> _WHAT IS BEING ASKED_:
Below is a block of entries; repeat exactly the lines starting at the line that contains "Auf der Unterseite gestempelt." and ending at the line that contains "Das Kunstwerk wird durch geschickte", both included.

> _DATA FOR THIS TASK_:
◇ ◇ ◇ ◇

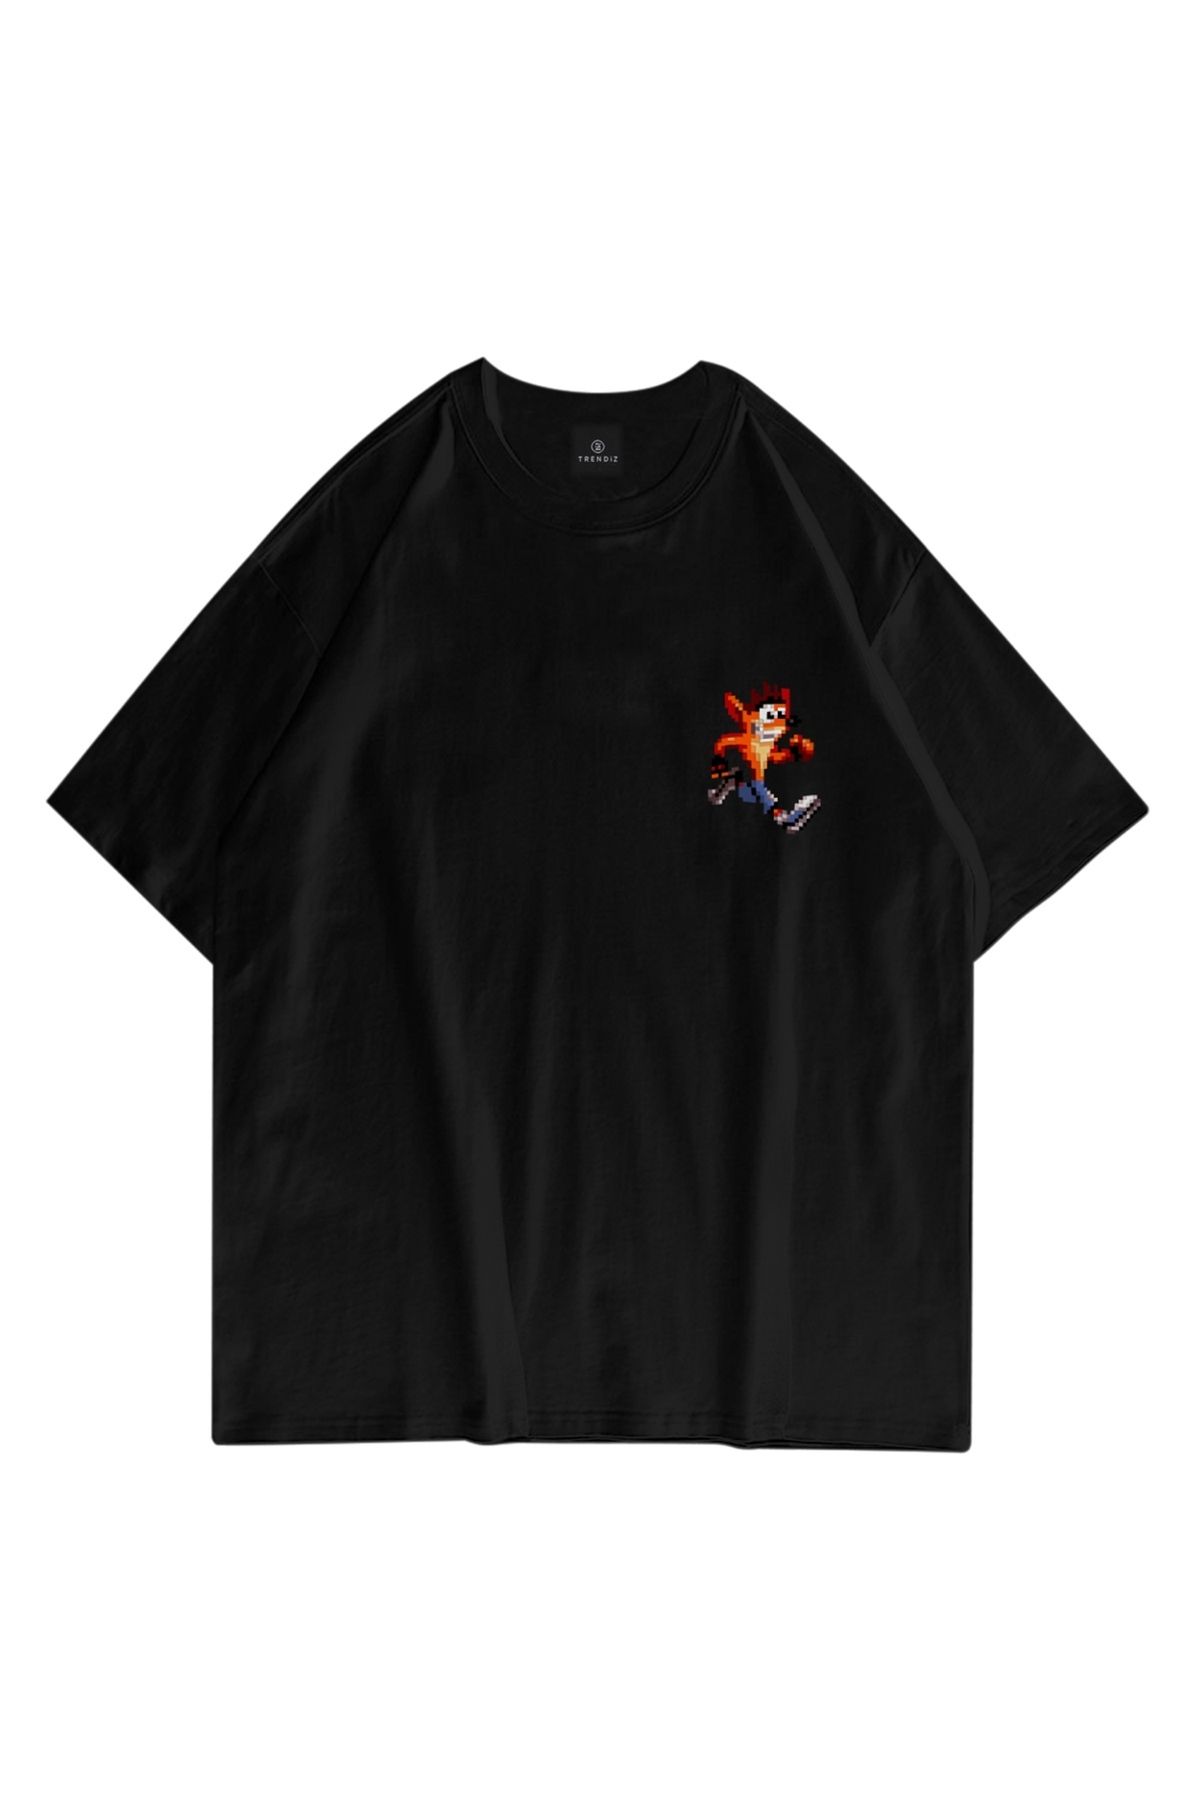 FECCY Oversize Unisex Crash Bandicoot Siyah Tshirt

◇ ◇ ◇ ◇

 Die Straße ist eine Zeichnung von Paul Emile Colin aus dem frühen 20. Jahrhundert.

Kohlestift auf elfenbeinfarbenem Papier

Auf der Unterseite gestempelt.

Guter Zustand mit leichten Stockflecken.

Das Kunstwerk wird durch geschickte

◇ ◇ ◇ ◇

> _COMPLETED EXERCISE_:
Auf der Unterseite gestempelt.

Guter Zustand mit leichten Stockflecken.

Das Kunstwerk wird durch geschickte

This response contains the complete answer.